What I wanted to teach my model is, given a certain scenario, what are the chances that the team chasing will win. For this, I needed ball by ball data for matches, such that I would know at any given ball of the second inning, what the score was, and whether the team chasing won or not.
I started with the PSL dataset that I scrapped myself ( link to the post). This contained ball by ball details for both the innings for all matches of PSL. I trained the first model on this dataset, but since PSL is relatively new and each season has a maximum of 34 matches, this dataset was too small(33962 rows total).
Next, I decided to look for another dataset. I came across this dataset on Kaggle which contained ball by ball detail for each match of the Indian Premier League. IPL has been running for over 10 years, has far more teams and far more matches per season than PSL. This gave me a somewhat adequate dataset (179080 rows).
For solving a machine learning problem, the first step is to gather a dataset, the next is to clean it and transform it into a form that you can feed to your machine learning algorithm. Now with the data downloaded, I needed to transform it.
The predictor will only make predictions in the second inning of the match when the target has been set and the chasing team has started batting. My dataset contains ball by ball data for both innings. It also does not contain the target. Moreover, the IPL dataset did not contain values for who won the match in their ball by ball dataset.
The first step was to calculate the first inning total for each match, this would give us the target that the second team had to chase. With pandas, we can easily achieve this.
We first generate a data-frame that consists only of first innings data. We then group by the match id and aggregate the run column by applying a sum
first_inning_total = first_inning.groupby("match_id").agg(
target = ("total_runs","sum")
)
This will sum the first-inning runs for each match and give us the total runs scored in the first inning, which is the target the second team has to chase.

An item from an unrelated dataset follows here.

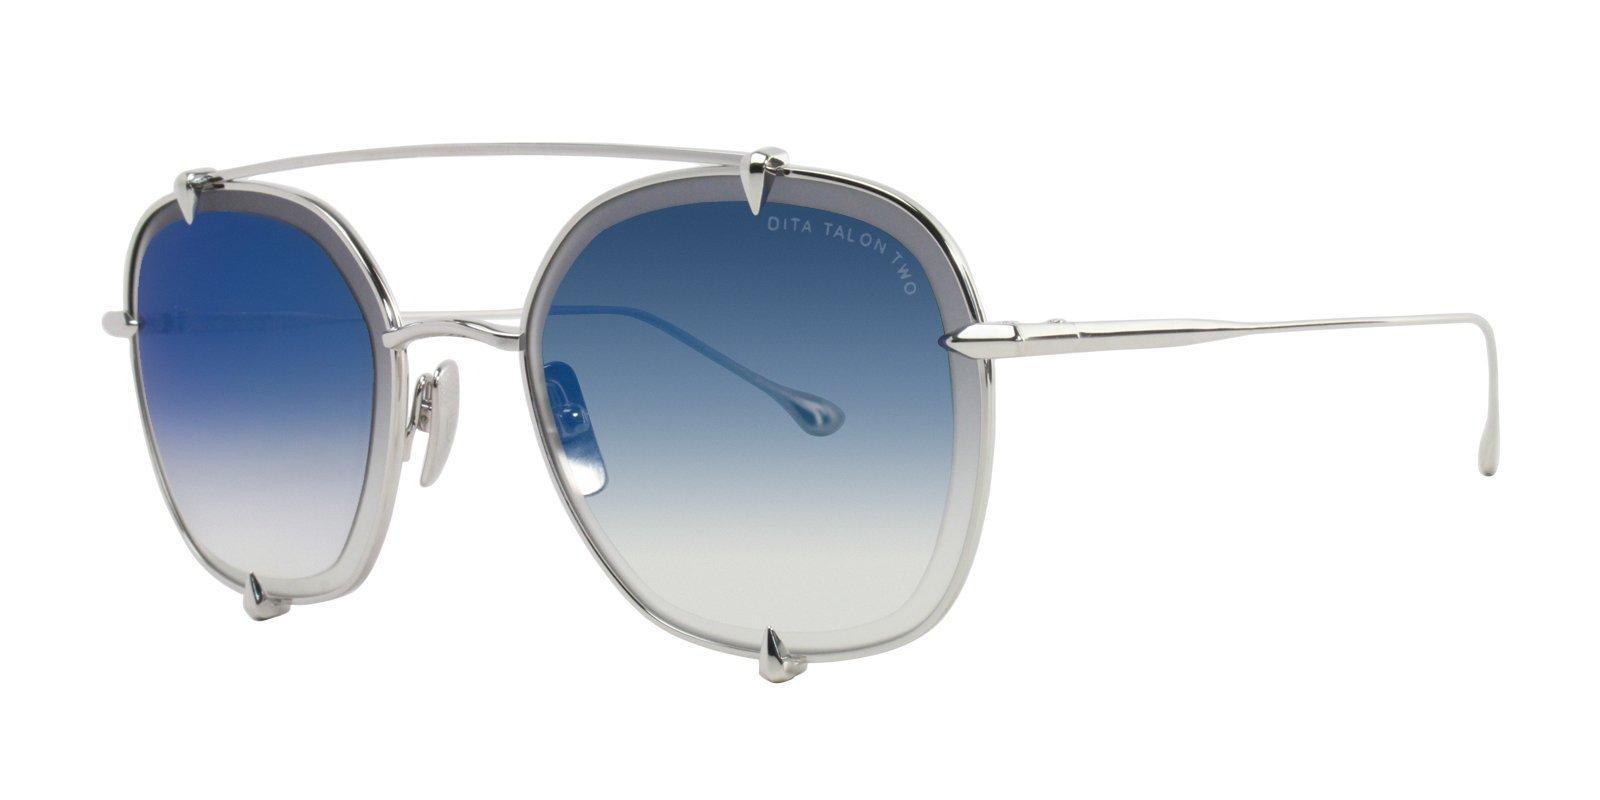 70390c8b3c2 dita-sunglasses-dita-talon-two-silver-blue-designer-eyes ...

The IPL dataset came with two tables, ball by ball details table, and a match summary table. Who won the match was given in the match summary table. So by joining both tables on the match_id we were able to get the name of the winner of each match along with its ball by ball detail.
Now we have, the target, ball by ball data for the second inning, and who won the match. We simply apply some more simple dataset-specific transformation to calculate things such as the number of fallen wickets, run scored, target, overs, and balls left e.t.c and we have our dataset ready. (All of the code is on GitHub and the link is shared at the end of this article)
By combining both the IPL and PSL dataset, keeping second inning data only we end up with 102560 rows that we can train our model on.
As you can see in the image above, we are just using wickets
balls_left
and runs_left
as our features for the model. In a proper model, we would have a lot more features. Who is on the crease, who is bowling, type of pitch, weather, the form of both the teams and so on? The possibilities of the available features are quite large, this is a very simple bot based on the simple feature.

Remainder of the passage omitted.